Moving Forward, Post-CRC

Evan Manvel

The CRC’s vision was impressively short-sighted and unaware of the changing world around it.

An excellent explanation of an affordable solution to bridge lifts by "S-Curve" problem on the Columbia from Spencer Boomhower.

Governor Kitzhaber has finally pulled the plug on the costly, risky Columbia River Crossing boondoggle. No games this time, according to spokeswoman Rachel Wray: “No equivocation... It’s over.”

In the end, courage from the Oregon Senate (most obviously President Peter Courtney, Senator Betsy Johnson, and the Republican caucus), a notable lack of support in Washington State, and the immense legal and financial problems with an Oregon go-it-alone approach doomed the misconceived mega-project, at least temporarily.

Having worked on the CRC since 2005, it’s good to see it gone. The mega-project was mostly a bloated 1950s-era design, destined to cause huge problems while it half-fixed other problems. It would have jammed up I-205 in East Portland and access to the airport, while undermining our ability to fund the region’s critical transportation needs.

The CRC’s vision was impressively short-sighted and unaware of the changing world around it. It failed to take account of the changes coming in transportation (less driving), technology (big data and automated, self-driving cars), working (more telecommuting and varying work hours), and in state and federal finances (cratering gas tax income). It blissfully ignored the critical need to seriously address the climate crisis and ensure our transportation system improves safety, equity, and choice in the most efficient ways possible.

While the boondoggle is dead, many of the concerns that drove the mega-project remain. However, as project critics have often noted, these concerns can be dealt with at pennies on the dollar compared with the CRC, and actions can be phased, with later investments evaluated after first steps are taken.

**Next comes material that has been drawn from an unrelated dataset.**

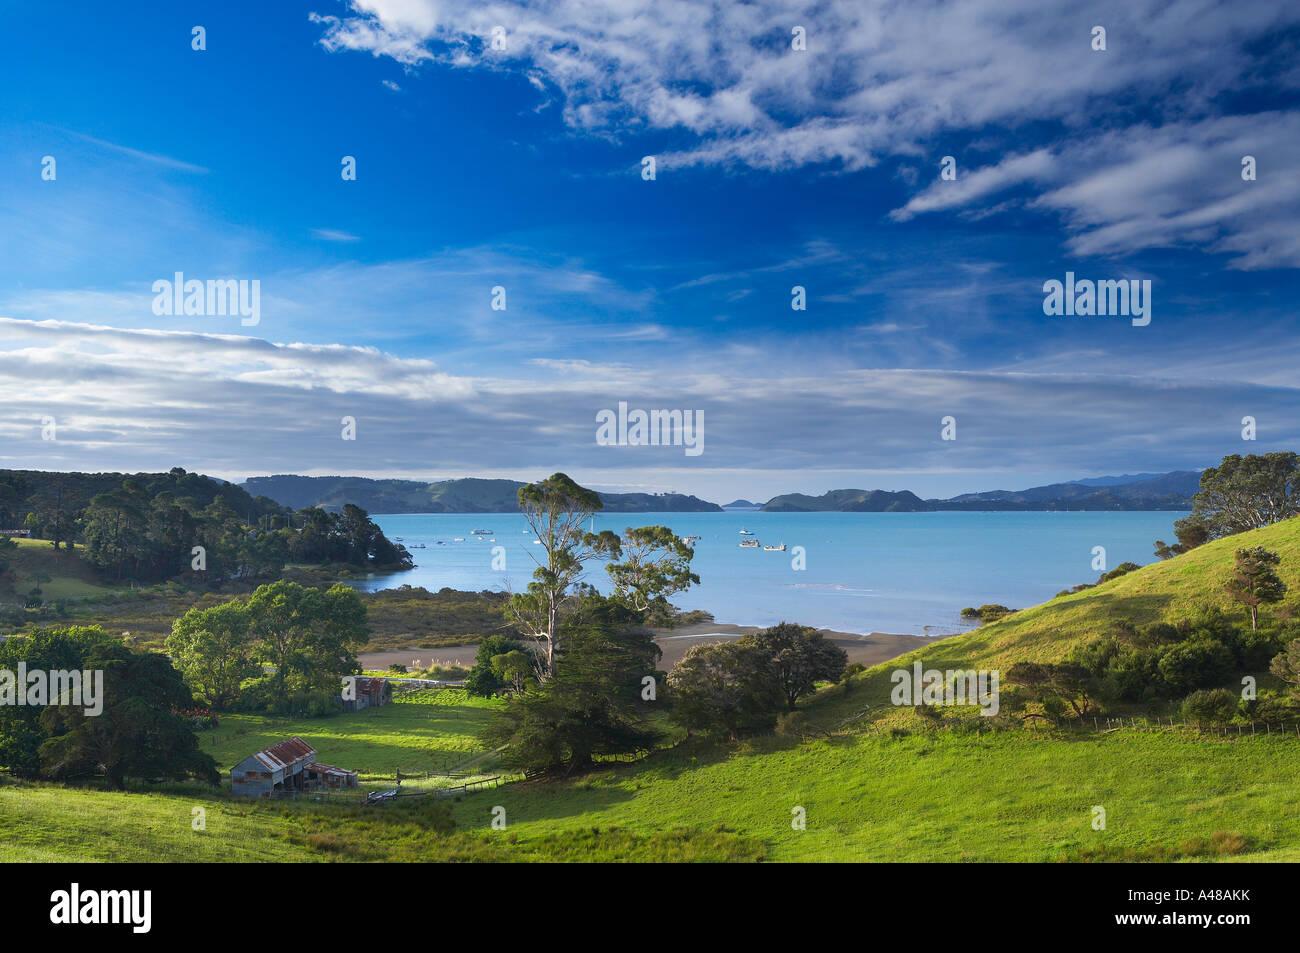 Te Kouma overlooking Coromandel Harbour Coromandel Peninsula North Island New Zealand NR - Stock Image

For example, few would protest seismically upgrading the existing I-5 bridge spans, which we've invested heavily in and are built to last at least another half-century, perhaps almost indefinitely. If we do, it should be part of a larger seismic strengthening effort that prioritizes and fixes the most vulnerable and critical infrastructure, considering connections more vulnerable than the I-5 spans such as the Marquam Bridge and Highway 101.

Similarly, while the drawbridge in the current spans has significant benefits for river travel (and removing it had huge costs), it lifts on average about once a day. Most of the lifts are caused by a misalignment with the downstream BNSF rail bridge. Aligning the lift of the downstream bridge with the high point on the I-5 bridges could help freight and passenger rail, as well as avoiding all but a few dozen bridge lifts a year on I-5.

We can implement traffic demand management tools such as increased on-ramp metering and individualized marketing, making people aware of transportation choices. We could also look at a local bridge to Hayden Island, a light-rail, pedestrian and bike bridge across the Columbia, or a cantilevered bike-pedestrian path like that on the Steel Bridge.

We should also think about more systematic reforms. We need to correct how our Departments of Transportation model future traffic, as assumptions are a decade behind the times. We should consider a devolution of transportation funding, as the possible federal monies for the CRC were considered “free” and created a perverse incentive to build something we may not have valued enough to pay for ourselves.

We need to target our safety investments on our highest problems – something ODOT has already developed a system for, yet lacks the funding to fully implement. Sweden has a road death rate less than a third that of America, because they have put safety first. Hundreds of Oregonians and Washingtonian lives could be saved each year if we did the same.

It’s long past time for tolling to become a significant tool in Oregon’s traffic management and financing efforts. However, a regional approach makes more sense than a one-bridge one-off, and could provide funding to seismically secure the I-205 bridge. Influential Washington Senator Patty Murray could work to remove any federal restrictions on tolling for such purposes. Perhaps Oregon and Washington could be allowed to become incubators of innovation on transportation finance.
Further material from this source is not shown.